Moments later, Dull was on the line. He could not answer the question at hand: "The secretary-general of the United Nations is appointed for a term of how many years?"

"Sorry, Alec, " Dull said. "Good luck. I love you."

Philbin quipped, "Well, at least he loves you."

The viewers included nearly every one of MacKenzie's seventh- and eighth-grade students, their parents and his fellow teachers, all of whom had tuned in on October 12 and 15 to root for him.

"When I first started teaching, I would have rather died than tell them I was gay," MacKenzie said in an interview two weeks after the show aired. "The kids have been talking [to me] about it and that's great--for them and for me."
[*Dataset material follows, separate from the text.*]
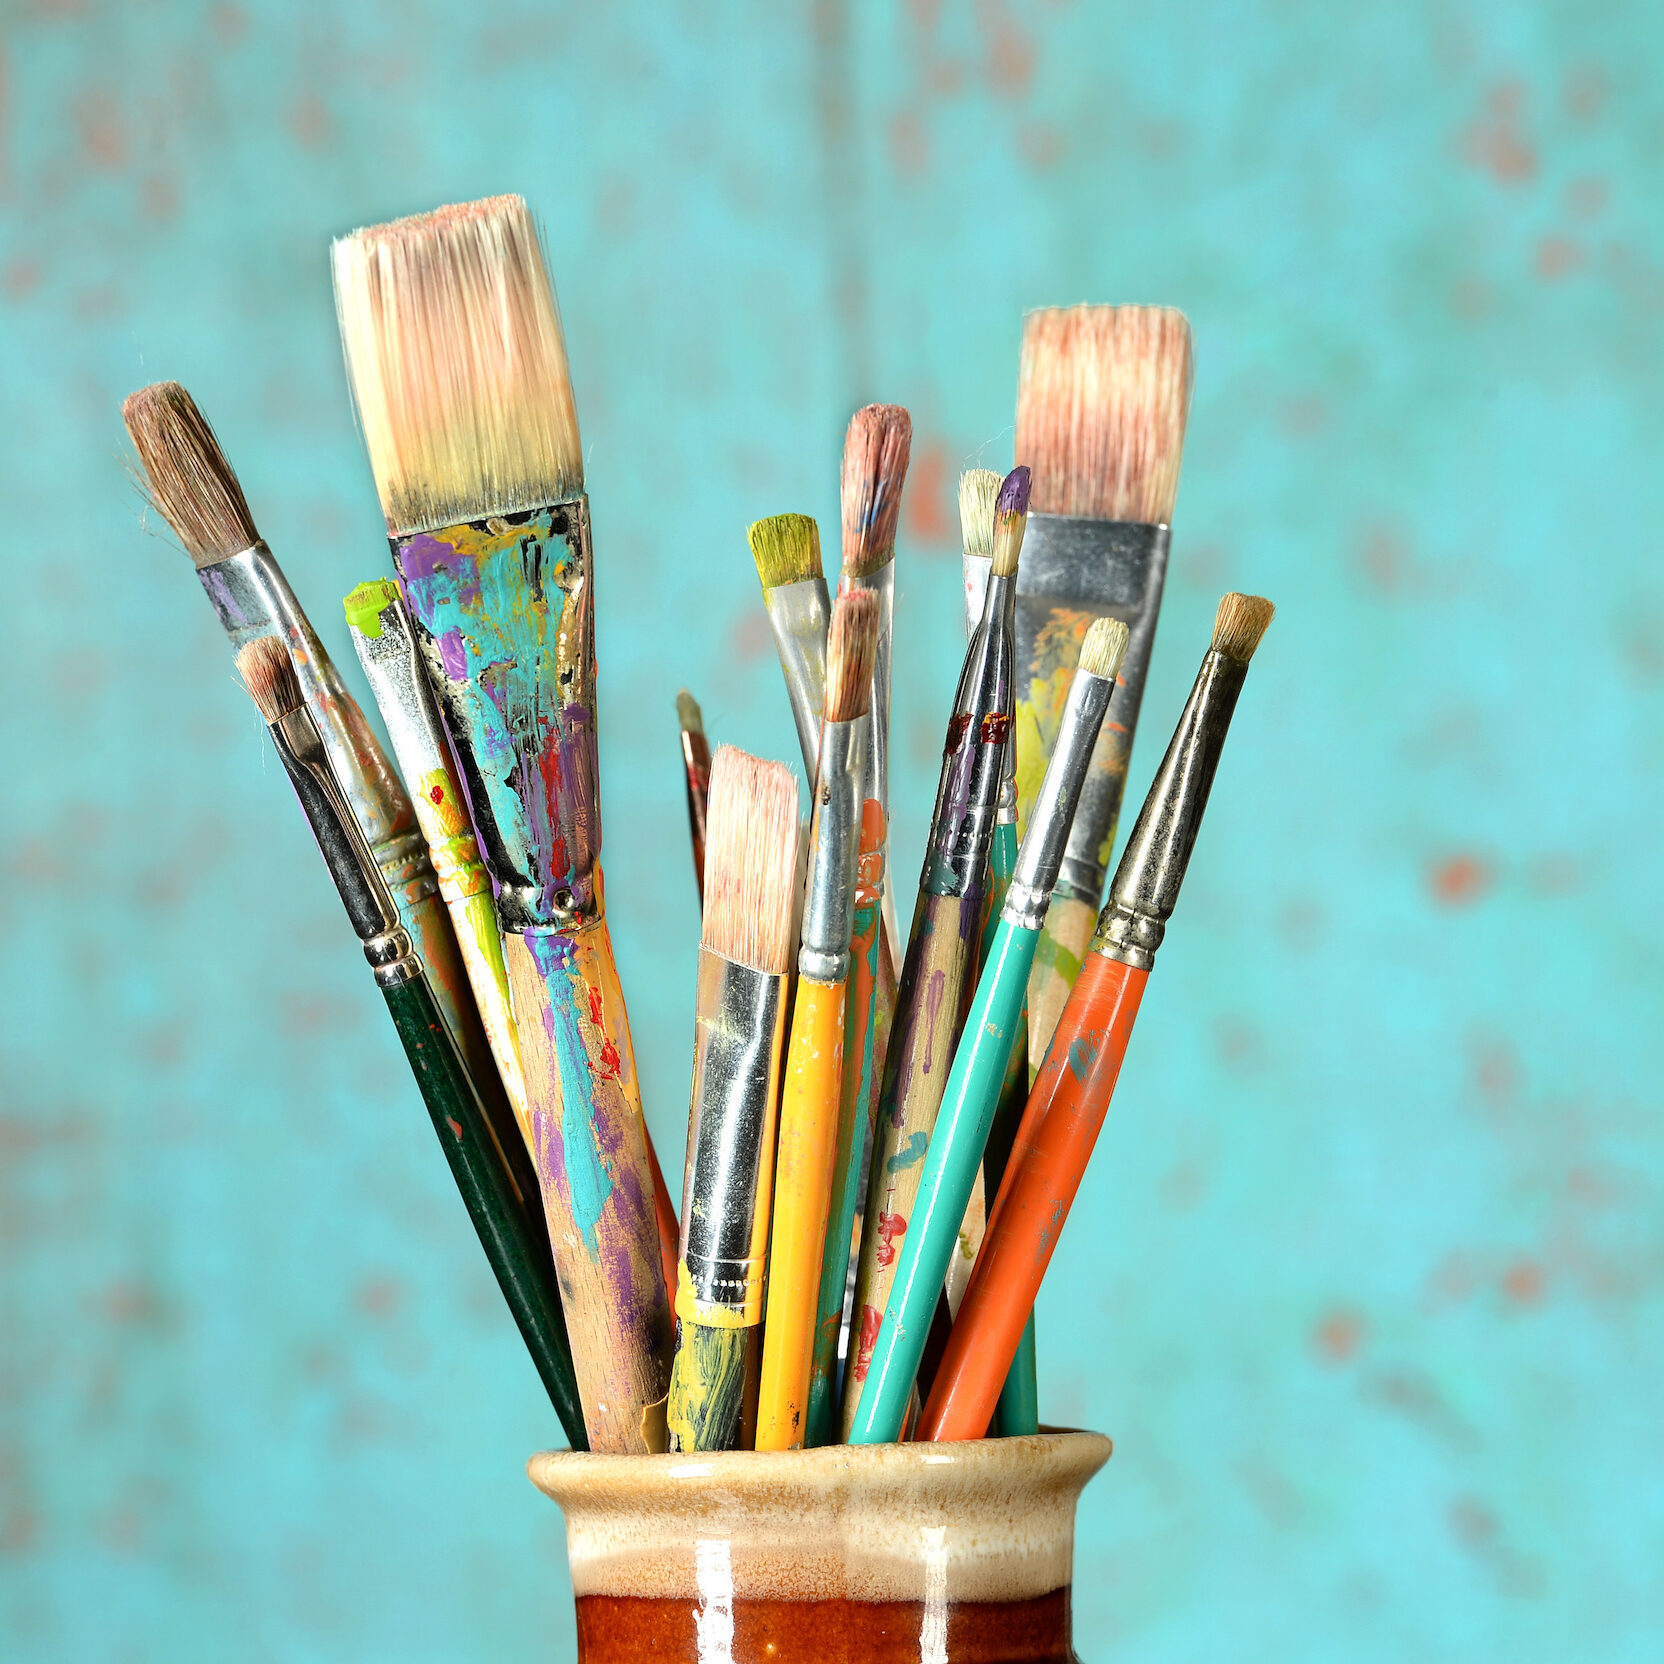 Artist paintbrushes in a jar over colorful background

MacKenzie says the experience represents the final step in a lifelong process of coming out. "I had a comfort zone; and over the years, that comfort zone has grown bigger and bigger. Now, it's 35 million people."

MacKenzie won $32,000 on the show, tripping up on the question: "Which of these animals--turtle, frog, snake or praying mantis--uses the backs of its eyeballs to help push food down its throat?" Answer: a frog.